Hi Fabio, if you are analysing the interaction of X and Z (XZ), it is necessary to include both X and Z, otherwise the interaction effexc might be confounded with the main effects of the lacking variable (see classical texts on interaction such as...
Cohen, J., Cohen, P., West, S. G., & Aiken, L. S. (2013). Applied multiple regression/correlation analysis for the behavioral sciences. Routledge.
Aiken, L. S. & West, S. G. (1991). Multiple regression: Testing and interpreting interactions. Sage.
Jaccard, J., & Turrisi, R. (2003). Interaction effects in multiple regression (Vol. 72). Sage.

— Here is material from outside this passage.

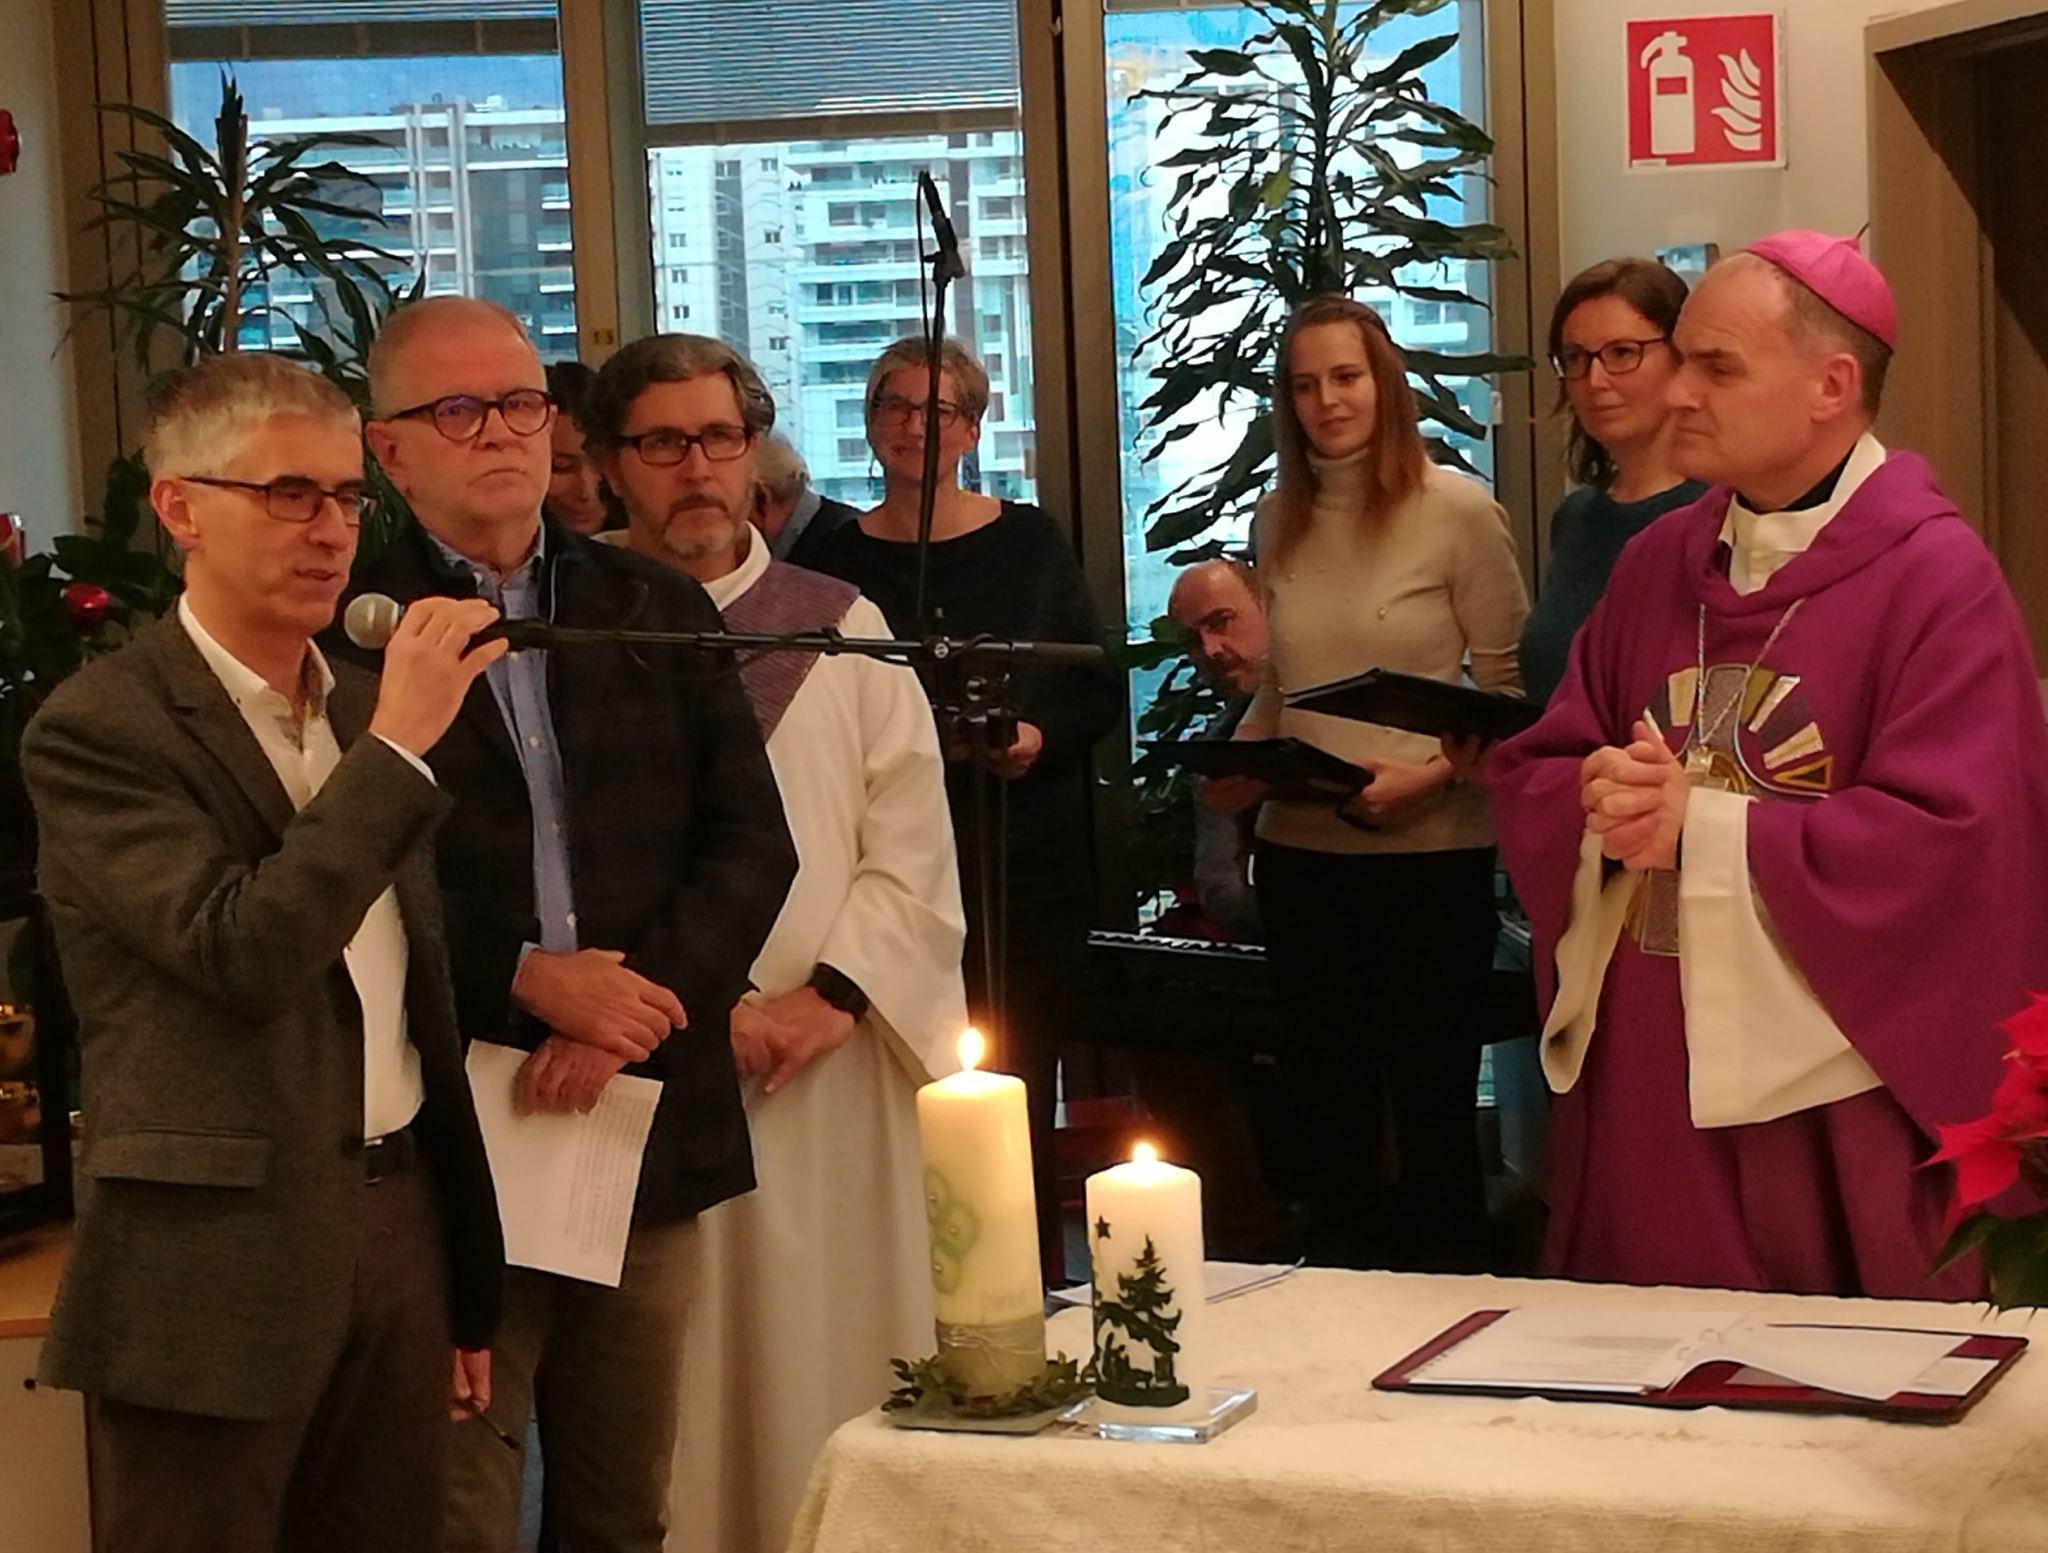 v.l.: Primar Massimo Bernardo, Sanitätskoordinator Dr. Roland Döcker, Bischof Ivo Muser

If you are including X and XZ without including Z as a regressor you are almost automatically facing a problem of omitted variable bias.

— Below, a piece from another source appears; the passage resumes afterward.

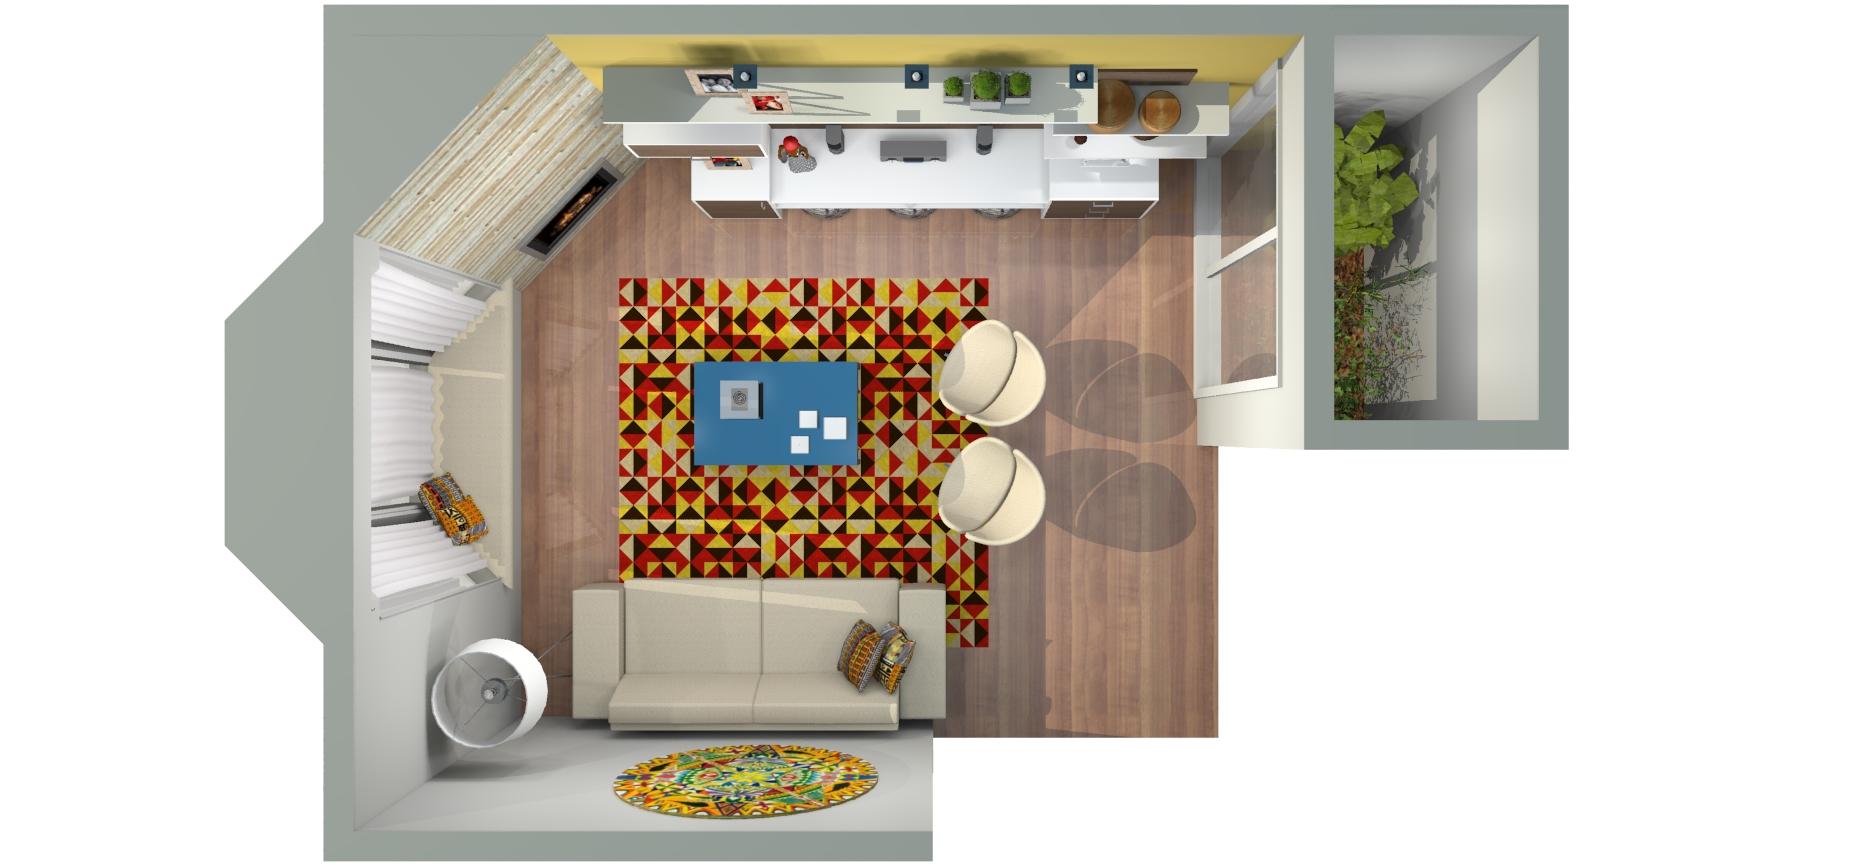 R 1 planta baixa sala de estar

This is the case, because you do not know whether the coefficient on the interaction term does capture the "effect" of the interaction and/or the effect of the omitted variable, i.e. Z.
Theoretically speaking if you are dealing with the long run this question is very important as it has to do with the transversality condition (see for e.g. Lucas, Prescott and Stokey, Macroeconomic Dynamics, HUP book). In the short run and in cross section I think the answer has to come from the model you are intrepreting. Correlations carry information by themselves as for e.g. the CAPM tells us. However there is a lot of debate in the growth and development economics literature which deals with the specific importance of correlations as well as levels. However, you can refer to my RG page and the stock pricing and banking convergence papers which show that the predictive power increases when you include both, which means that you can also include the second variable in scale also. SKM QC
Adding variable(s) and or interaction between variables to the model should be determined by theory and previous research. You may lastly depend on logical basis
It makes no sense to include an interaction between two factors (qualitative variable|) and to exclude the main effect of either factor. See the following paper for the reasons: Nelder, J. A. (1977). "A Reformulation of Linear Models". Journal of the Royal Statistical Society 140 (1): 48–77. doi:10.2307/2344517. Some software (e.g. GenStat) allows you to fit a two-way effect between two factors without explicitly fitting the main effect(s), but it is then automatically interpreted as including the main effect(s) along with the interaction. Other software (e.g. SAS) actually uses models with no main effect nonsensically in the calculation of Type III and IV sums of squares; see Nelder JA, Lane PW (1995) The computer analysis of factorial experiments: in memoriam Frank Yates. The American Statistician 49, 382-385. However, if you consider the variation of the effect of a variate (quantitative variable) among the levels of a factor to be an "interaction" between the factor and the variate, then it can make sense to fit a model with such an interaction but not the main effect of the factor (but you still need the "main" effect of the variate).